*The data:*
________
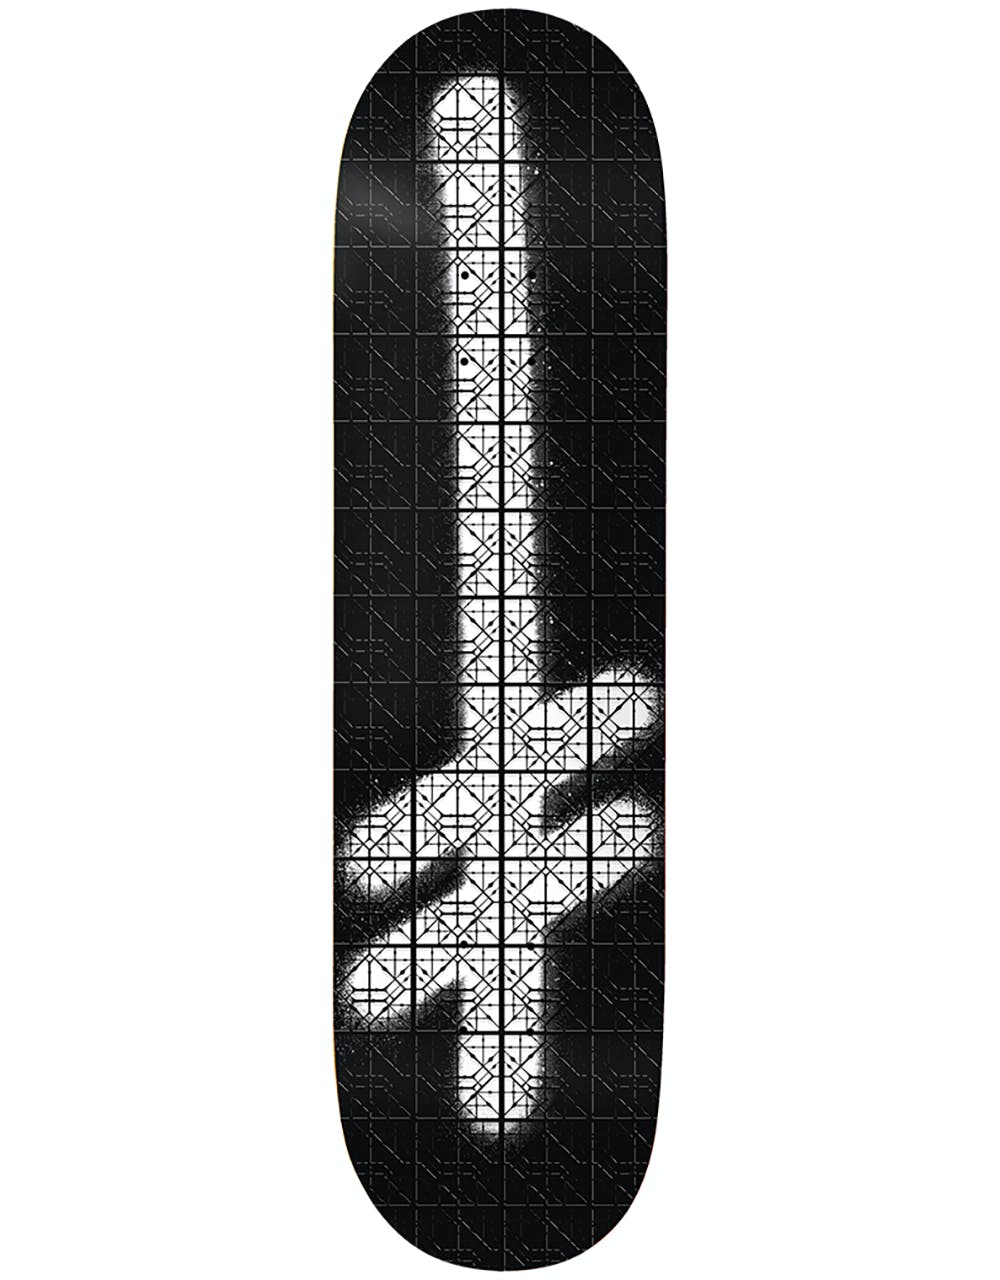 Deathwish Original G Iron Work Skateboard Deck - 8.75"
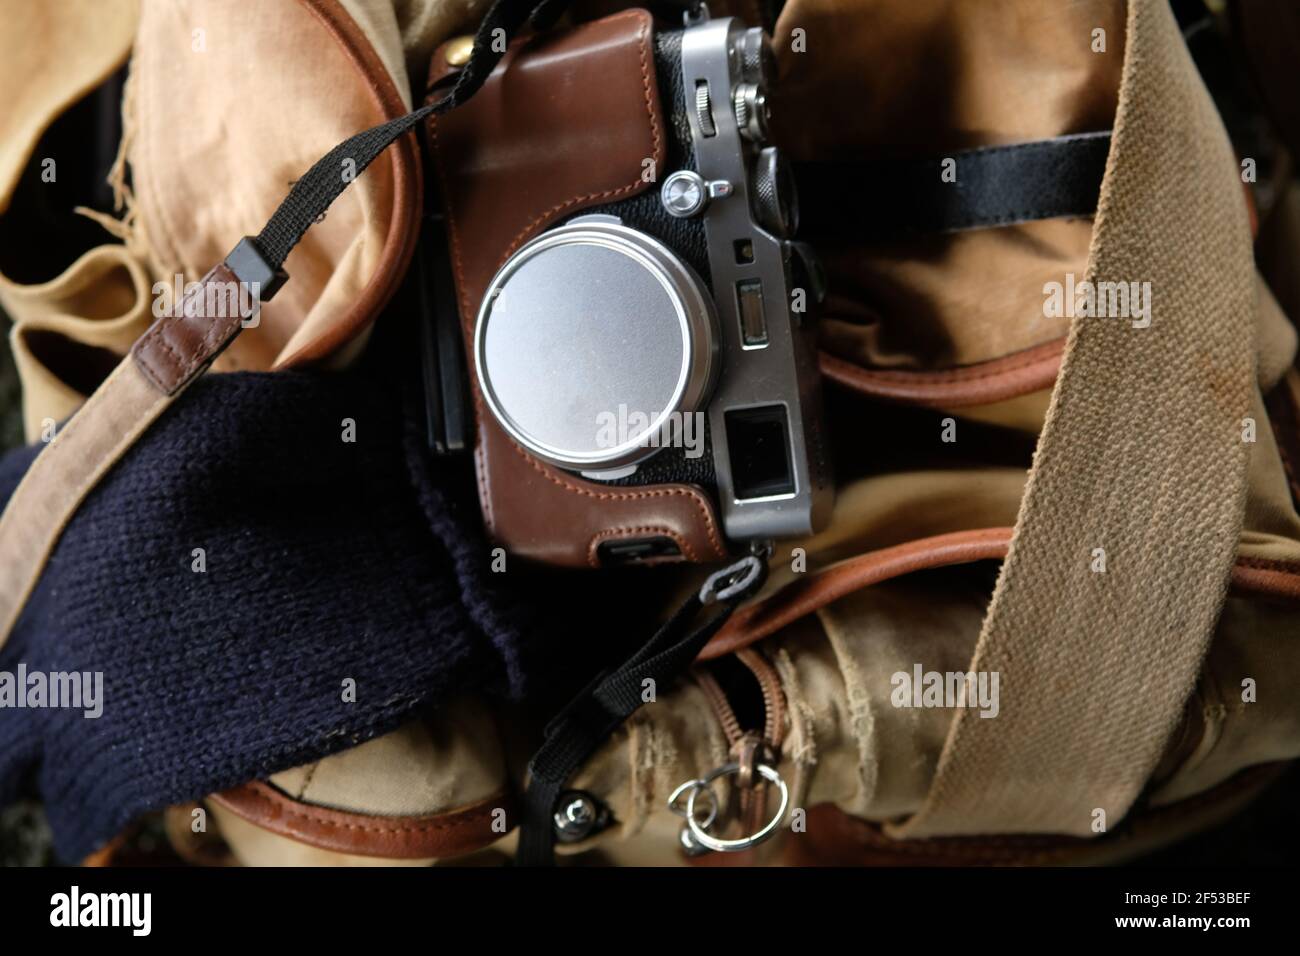 Dicembre 2020 - UN classico Fuji Fujifilm, X100F in cima Una vecchia borsa per fotocamera Billingham Foto Stock
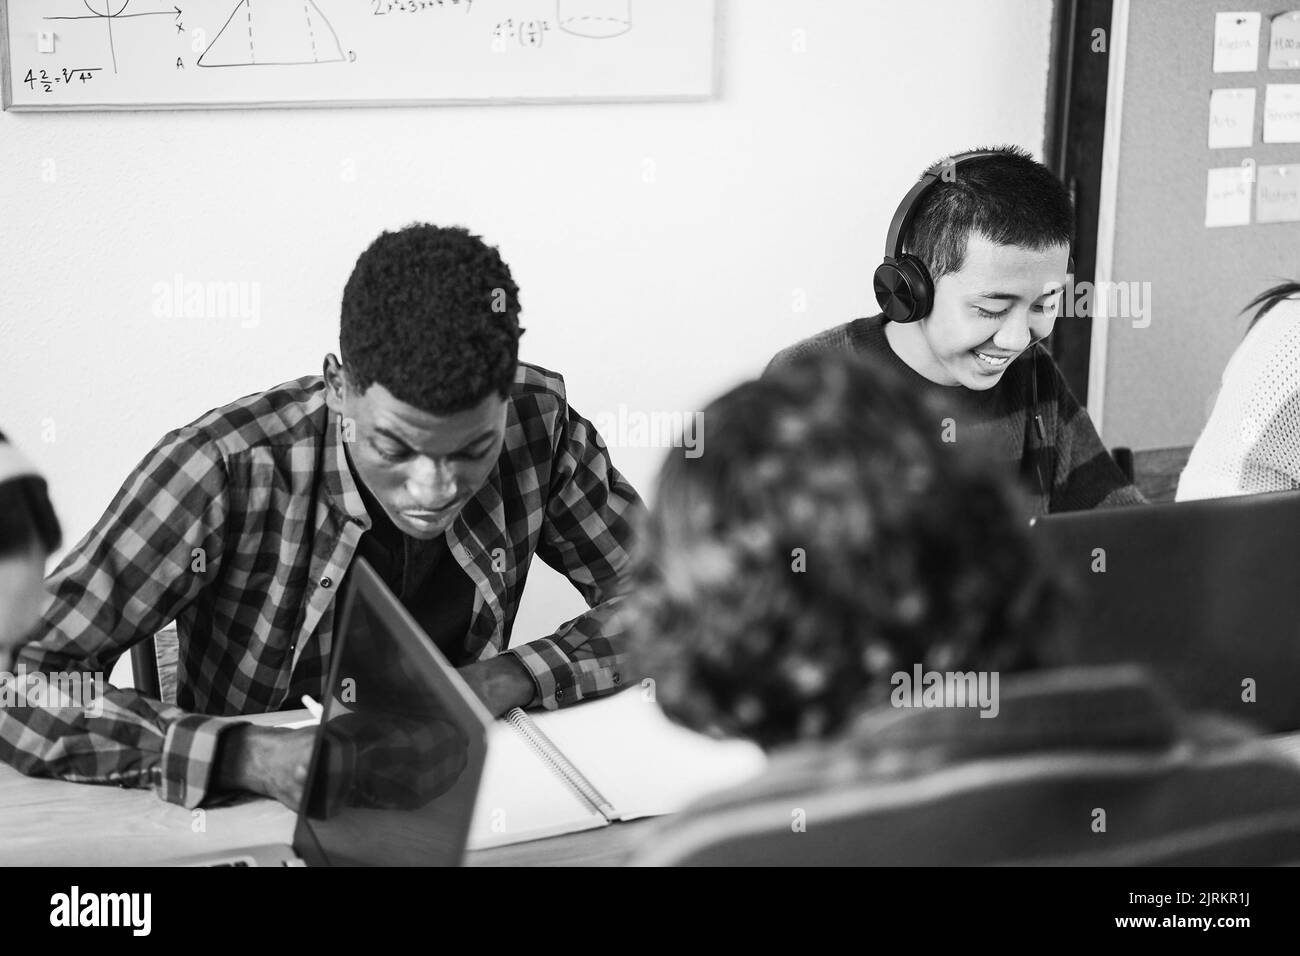 Studenti multirazziali che utilizzano computer portatili mentre studiano insieme a scuola - Focus sul volto asiatico - editing in bianco e nero Foto Stock
________
*Task prompt:* What is needed is a word-for-word copy of the data above, free of any images.

*Task response:*
 Deathwish Original G Iron Work Skateboard Deck - 8.75"
 Dicembre 2020 - UN classico Fuji Fujifilm, X100F in cima Una vecchia borsa per fotocamera Billingham Foto Stock
 Studenti multirazziali che utilizzano computer portatili mentre studiano insieme a scuola - Focus sul volto asiatico - editing in bianco e nero Foto Stock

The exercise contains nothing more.